Input data Block Start

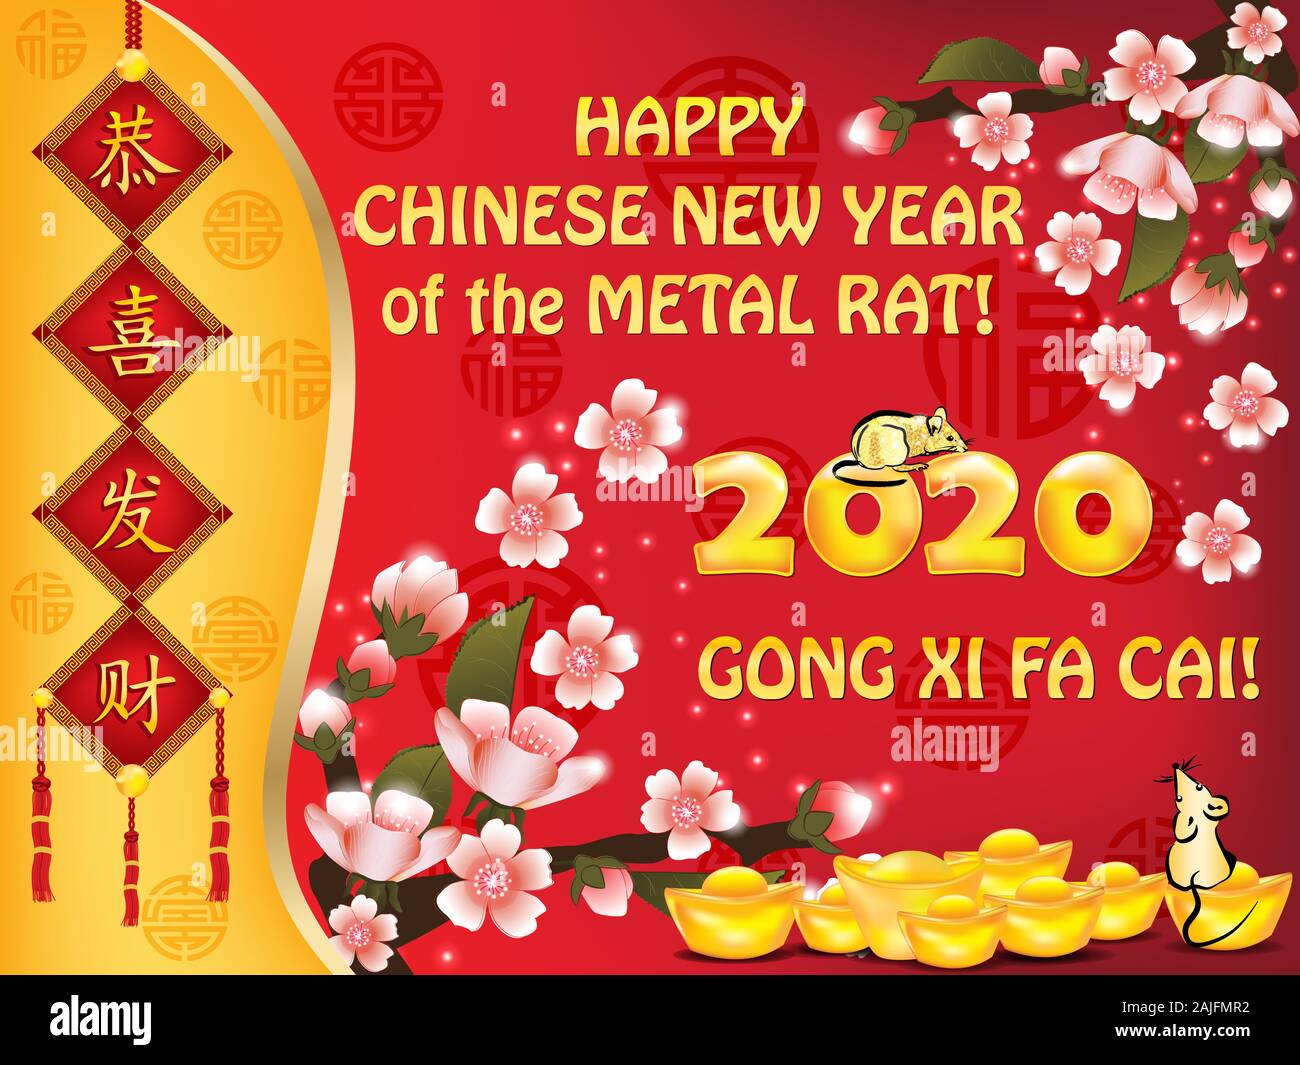 Happy Chinese New Year 2020. Floral greeting card with text in Chinese and English. Ideograms translation: Congratulations and make fortune. Stock Photo
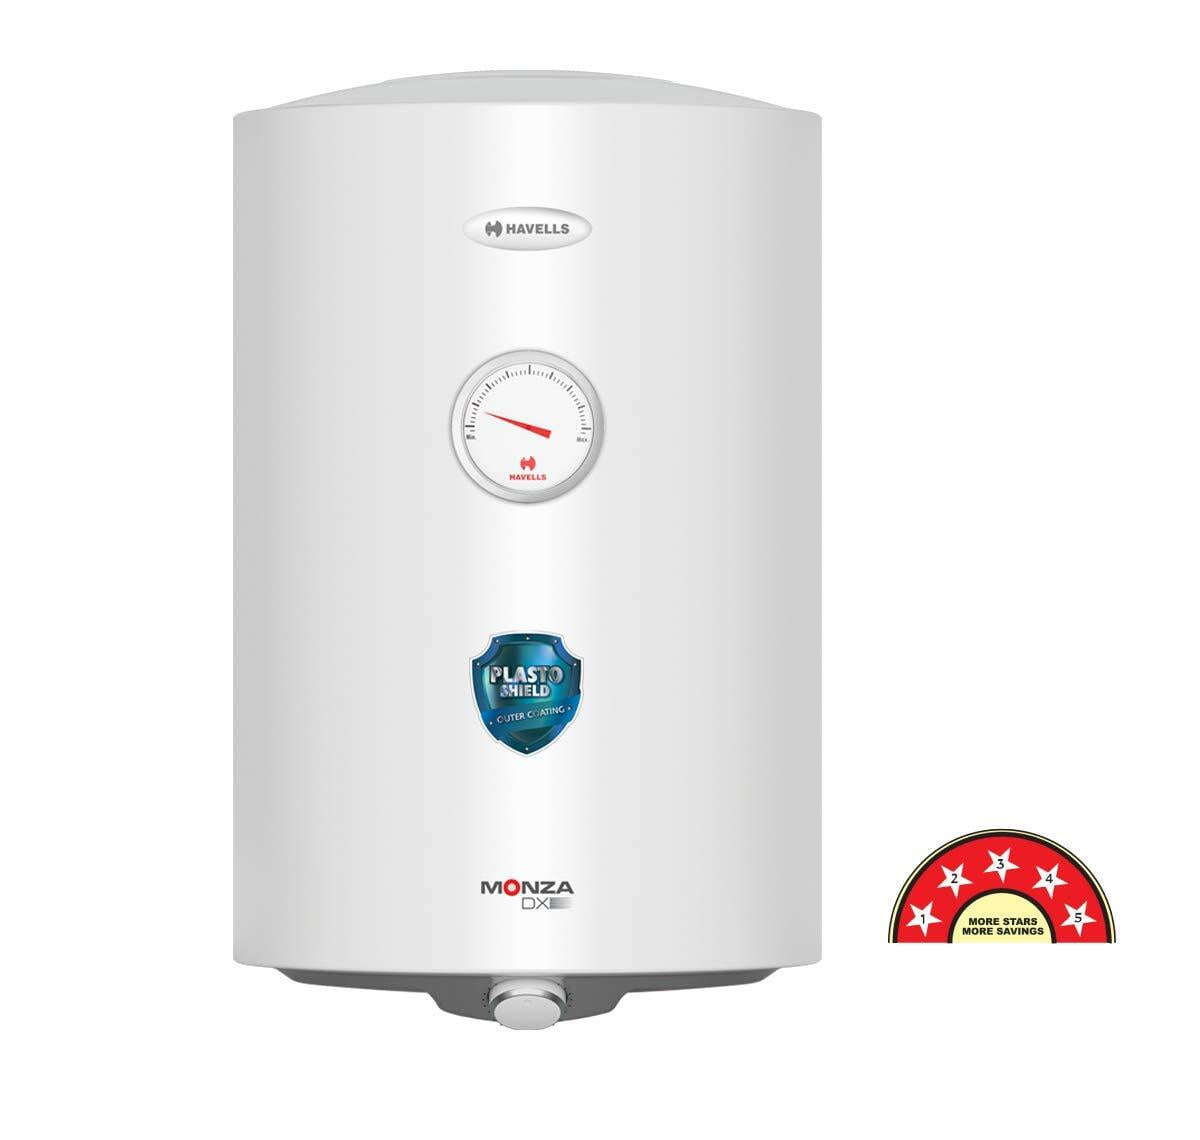 Havells Monza DX 15 Litre Storage Water Heater On Dillimall.Com
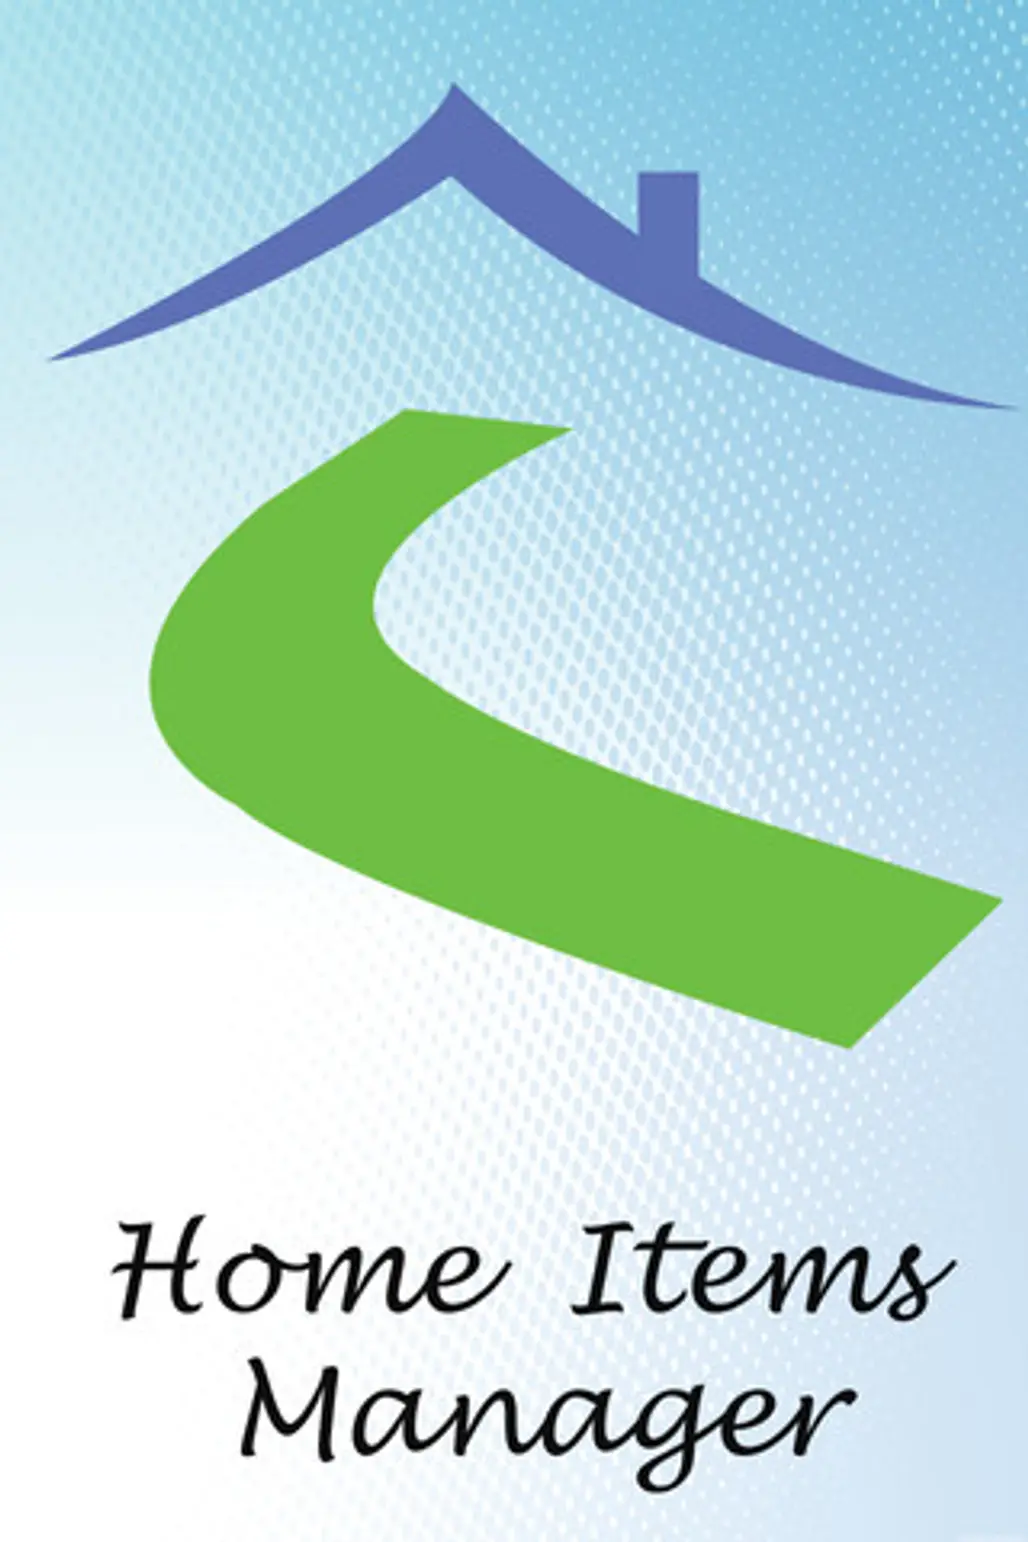 Home Items Manager
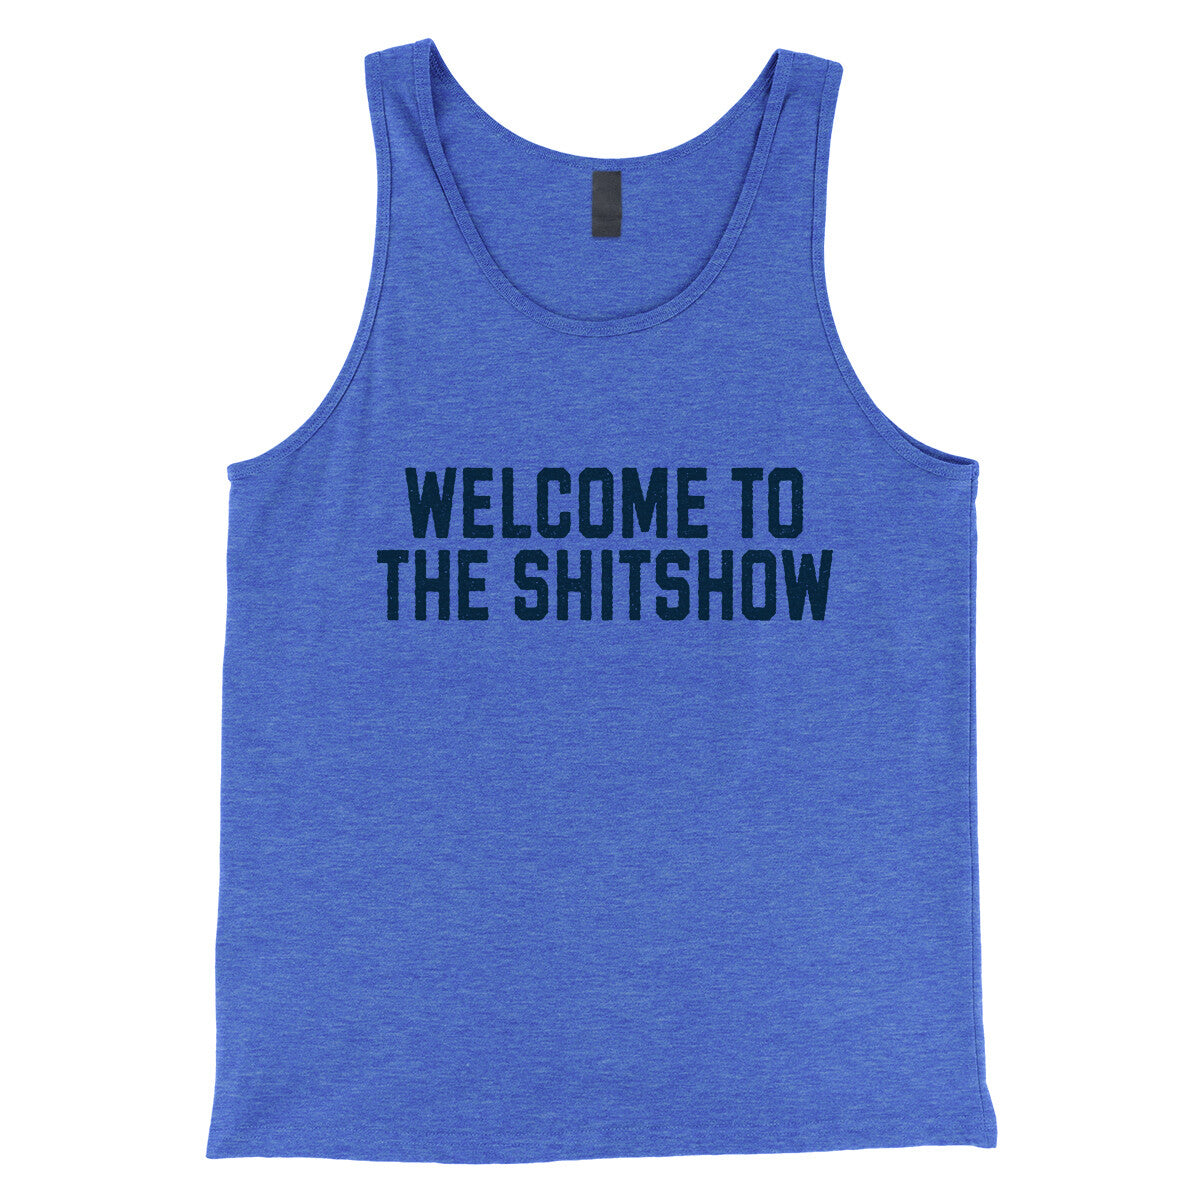 Welcome to the Shit Show in True Royal TriBlend Color

Input data Block End

* _What you will do_:
Everything from the line with "Home Items Manager" through the last line of the listing above is to be copied exactly, both ends included, except the pictures.

* _Expected output_:
 Home Items Manager
 Welcome to the Shit Show in True Royal TriBlend Color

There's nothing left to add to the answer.